Na Europa, o espanhol El País descreveu a operação como "espetacular". A ocupação "contou com uma cenografia própria de um Estado de guerra", escreveu o correspondente do jornal.

"O grosso da operação se produziu de noite e com o máximo sigilo, quebrado depois pelo estrondo dos voos rasantes dos helicópteros e o avanço dos tanques."

O britânico Independent descreveu a tomada da Rocinha como importante, dada sua "posição estratégica" para controlar o tráfico na zona sul do Rio.

Já o The Guardian descreveu com detalhes a suposta residência do traficante Sandro Luiz de Paula Amorim, o Peixe, apontado como um dos chefes do tráfico na facção criminosa Amigos dos Amigos (ADA).

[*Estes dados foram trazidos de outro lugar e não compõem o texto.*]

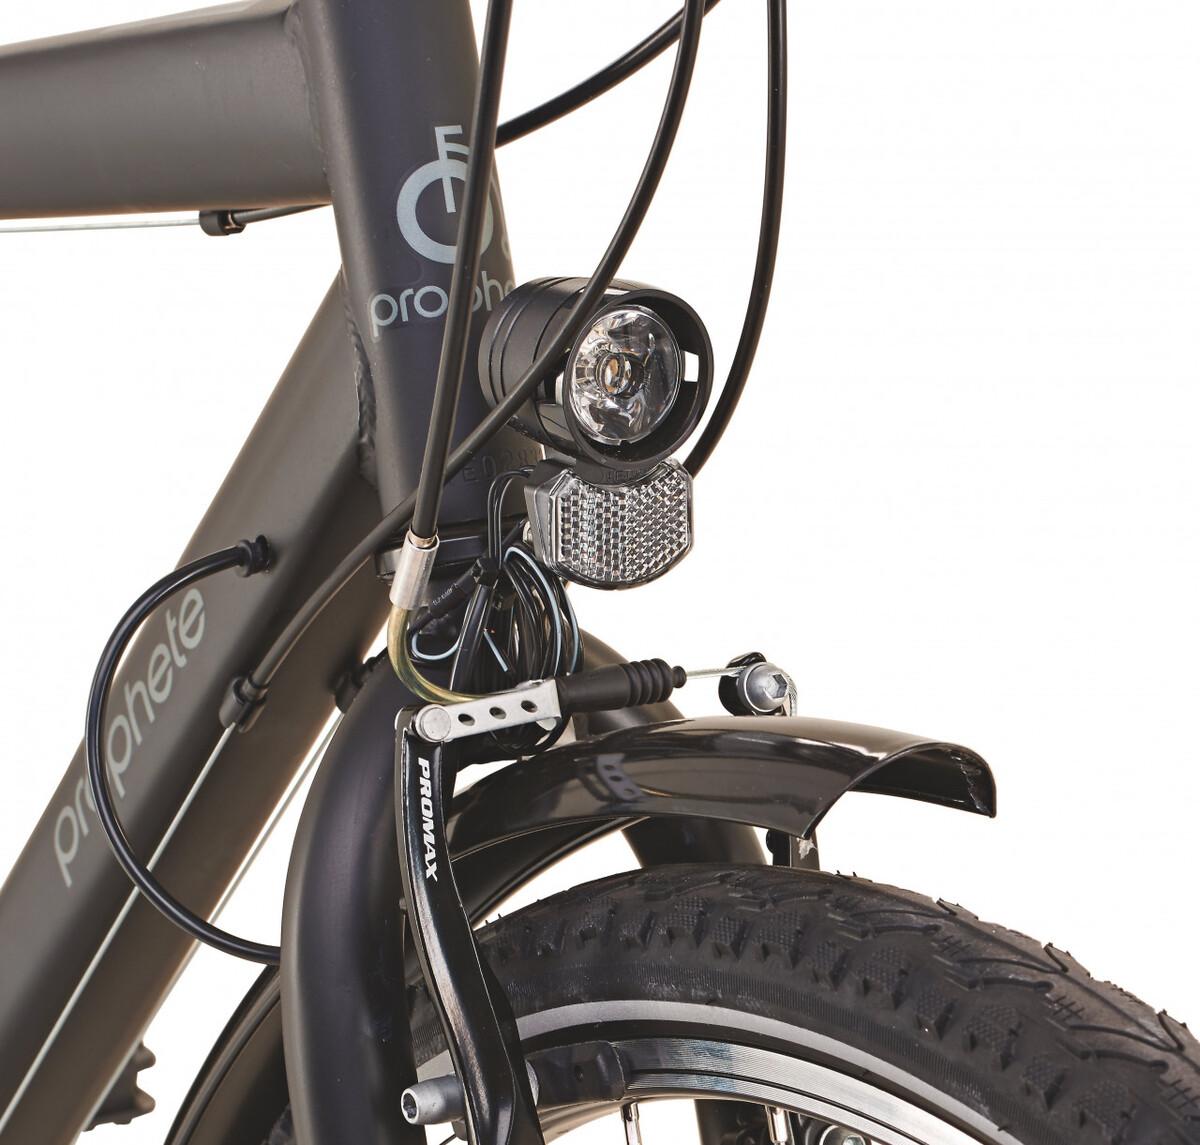 Bild 3 von Prophete Entdecker Herren-Trekking-Bike 28'' 20.BST.10

A visita dos jornalistas brasileiros e estrangeiros à residência de Peixe foi organizada pela própria polícia, em um esforço de marketing que conseguiu espaço na imprensa desta segunda-feira.

Muitos dos jornais também lembraram que a chegada da polícia foi recebida de maneira distinta pelos moradores: uns estavam otimistas, outros, pessimistas, e uma parte simplesmente não sabia o que pensar.

Como escreveu o El País, "quase ninguém espera grandes mudanças, e muitos comentam que sob o reinado do traficante Nem não viviam tão mal".

Para o jornal, "parece que ainda será necessário esperar um pouco para que o plausível processo da reconstrução social empreendido pelo governador do Rio, Sérgio Cabral, deite raízes na favela".